Calendar date is returned as a string column, since that is the partition column. Files look like this in this partitioned parquet file/table: /mypath/mytable/CALENDAR_DATE=2019-01-01 00%3A00%3A00/part-00-35c18ead-ef01.c000.snappy.parquet
if you do scan_parquet on just the one file, does it give you a column with
2019-01-01 00%3A00%3A00 or 2019-01-01 00:00:00
Try doing something like:
tr = pl.scan_parquet(parq_path+"my_table/*/*.parquet")
df = (
pl.select(
CALENDAR_DATE=pl.date_range(pl.date(2023,7,21),pl.date(2024,1,11),'1d').dt.strftime("%Y-%m-%d") + "%2000%3A00%3A00"
).lazy()
.join(tr, on='CALENDAR_DATE')
.filter( (pl.col('CRE_FL') == 'I') &
(pl.col('SEC_ID') > 3) &
(pl.col('LE_ID') == 2905) &
(~pl.col('PARTY_ID').is_in([5086634, 2149316, 6031676])) &
(pl.col('TR_ID') != 7010)
)
.select('PARTY_ID').unique()
.rename({'PARTY_ID':'PART_ID'})
.with_columns(pl.lit(1).alias('NEXT_FL'))
.collect()
)
<polars==0.20.6>
This:
tr = pl.scan_parquet(parq_path+"my_table/*/*.parquet")
tr.limit(1).select(pl.col('CALENDAR_DATE')).collect().rows()
Gives me: [('2019-01-01 00:00:00',)]
But the actual directory looks like this:
CALENDAR_DATE=2019-01-01 00%3A00%3A00
So there must be some conversion somewhere in between...
The above join statement leads to kernel-die somewhere above 17 GB of ram usage (in a 32 GB environment).
What about...
df = (
tr
.filter( (pl.col('CALENDAR_DATE').is_in(
pl.select(
CALENDAR_DATE=pl.date_range(pl.date(2023,7,21),pl.date(2024,1,11),'1d').dt.strftime("%Y-%m-%d") + " 00:00:00"
).to_series().to_list()
) & (pl.col('CRE_FL') == 'I') &
(pl.col('SEC_ID') > 3) &
(pl.col('LE_ID') == 2905) &
(~pl.col('PARTY_ID').is_in([5086634, 2149316, 6031676])) &
(pl.col('TR_ID') != 7010)
)
.select('PARTY_ID').unique()
.rename({'PARTY_ID':'PART_ID'})
.with_columns(pl.lit(1).alias('NEXT_FL'))
.collect()
)
Ultimately, I think there's a good amount of potential improvement to do in the polars hive partitioning optimization workhorse. While the current state isn't as robust as the pyarrow's hive dataset scanner, I think the effort is going to be in making those aforementioned improvements rather than strengthening those pyarrow linkages.

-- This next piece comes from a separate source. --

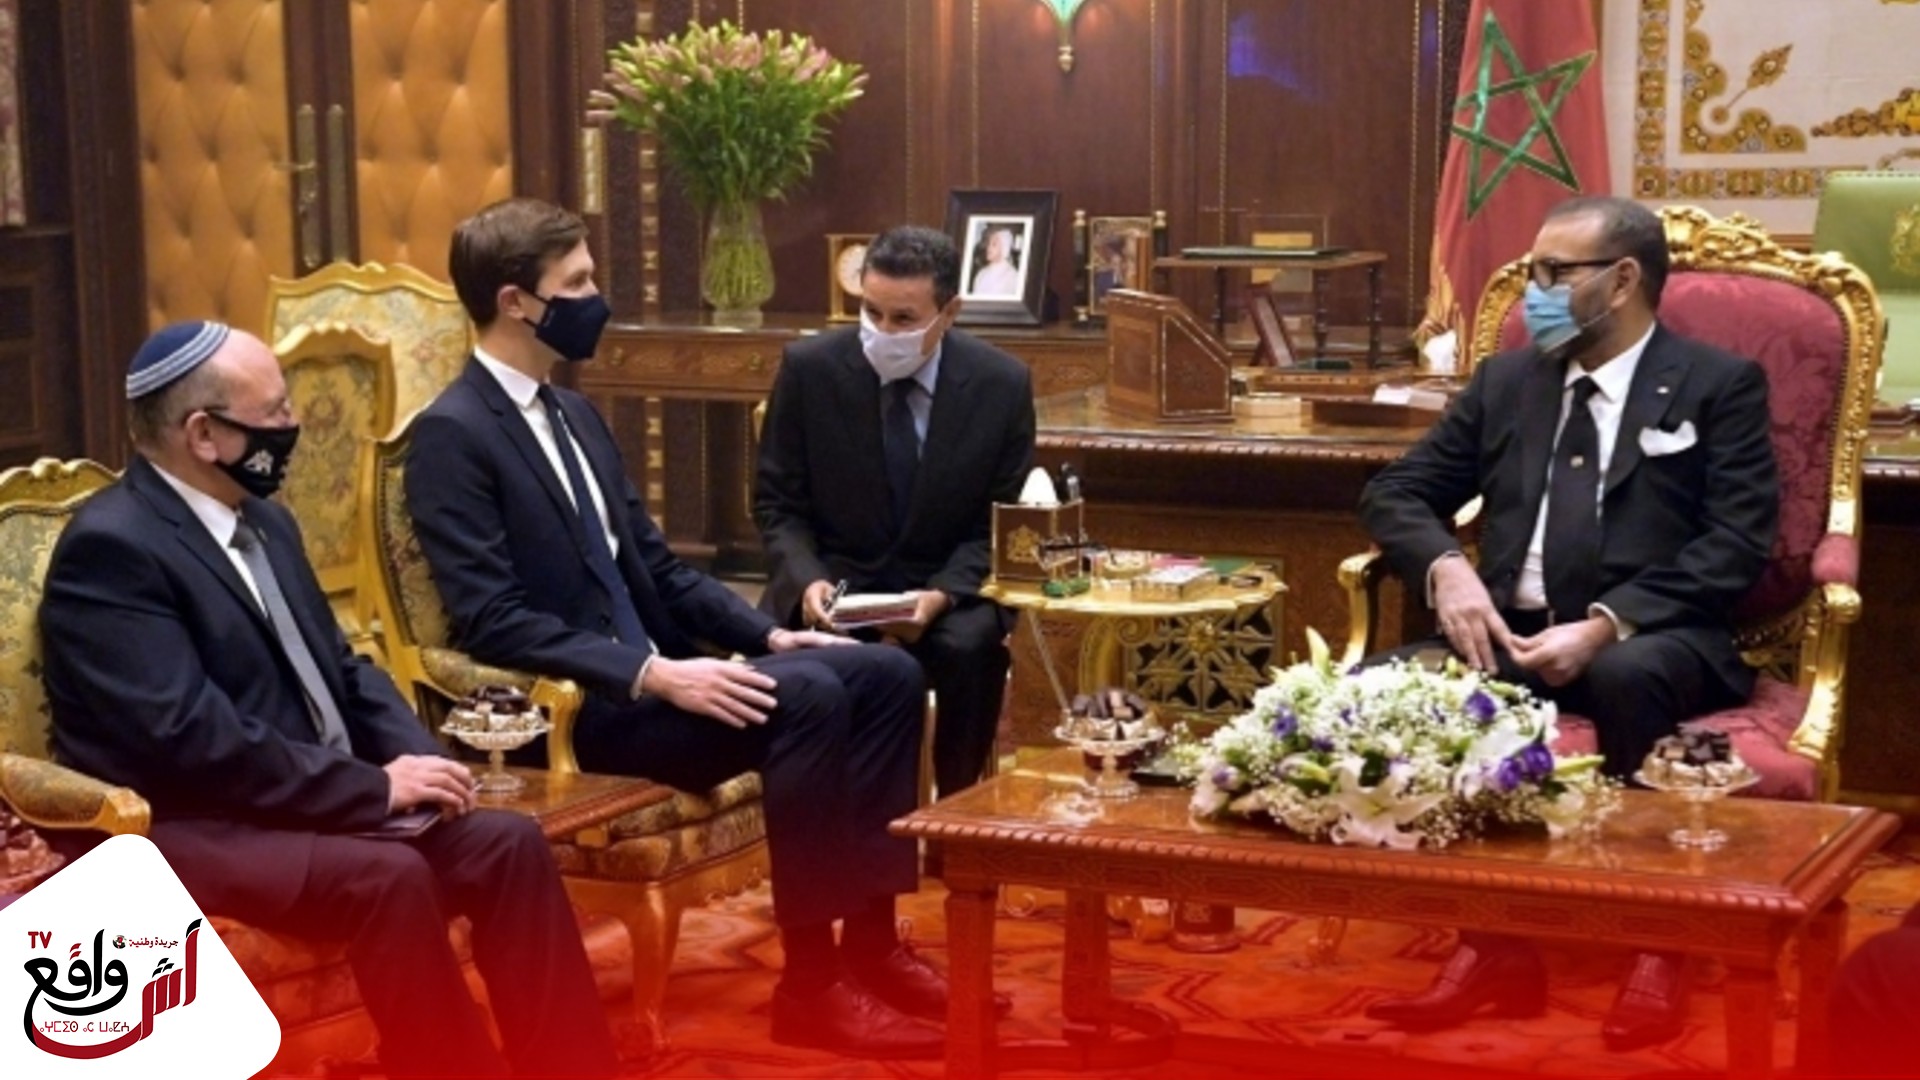 الملك يؤكد في اتصال مع نتنياهو على موقف المغرب الثابت من القضية الفلسطينية

As such, assuming the last snippet doesn't work, I think you probably want to just do more of the filtering directly in pyarrow.
So something like
df = (
pl.scan_pyarrow_dataset(
ds.dataset(parq_path+"my_table", partitioning='hive')
.filter(
(ds.field('CALENDAR_DATE')>='2023-07-21') &
(ds.field('CALENDAR_DATE')<='2024-01-22') &
(ds.field('CRE_FL') == 'I') &
(ds.field('SEC_ID') > 3) &
(ds.field('LE_ID') == 2905) &
(~ds.field('PARTY_ID').isin([5086634, 2149316, 6031676])) &
(ds.field('TR_ID') != 7010)
)
)
.select('PARTY_ID').unique()
.rename({'PARTY_ID':'PART_ID'})
.with_columns(pl.lit(1).alias('NEXT_FL'))
.collect()
)
The .to_series().to_list() version runs fast using scan_parquet():
<polars==0.20.6>
WITH_COLUMNS:
[1.alias("NEXT_FL")]
RENAME
UNIQUE BY None
FAST_PROJECT: [PARTY_ID]
Parquet SCAN 175 files: first file: /mypath/myfile/CALENDAR_DATE=2023-07-21 00%3A00%3A00/part-00000-015dea05.c000.snappy.parquet
PROJECT 3/27 COLUMNS
SELECTION: [(col("CALENDAR_DATE").is_in([Series])) & ([(col("CRE_FL")) == (String(I))])]
Max memory occupation: 2.7 GB Final memory occupation: 2.1 GB Wall time: 15.1 s
But it is cumbersome to filter like that... :(
yeah it only seems to know how to skip files with exact matches otherwise it wants to read the file.
It also only works if all the files are 00:00:00, if you've got some 00:12:00, etc then it'd miss those entirely.
Another thing you can do, which isn't any less code but it is more resilient:
tr = pl.scan_parquet(parq_path+"my_table/*/*.parquet")
import json
df=(
pl.scan_parquet(
pl.select(paths=json.loads(tr.serialize())['Scan']['paths'])
.explode('paths')
.with_columns(
CALENDAR_DATE=pl.col('paths').str.extract("CALENDAR_DATE=(.+?)/")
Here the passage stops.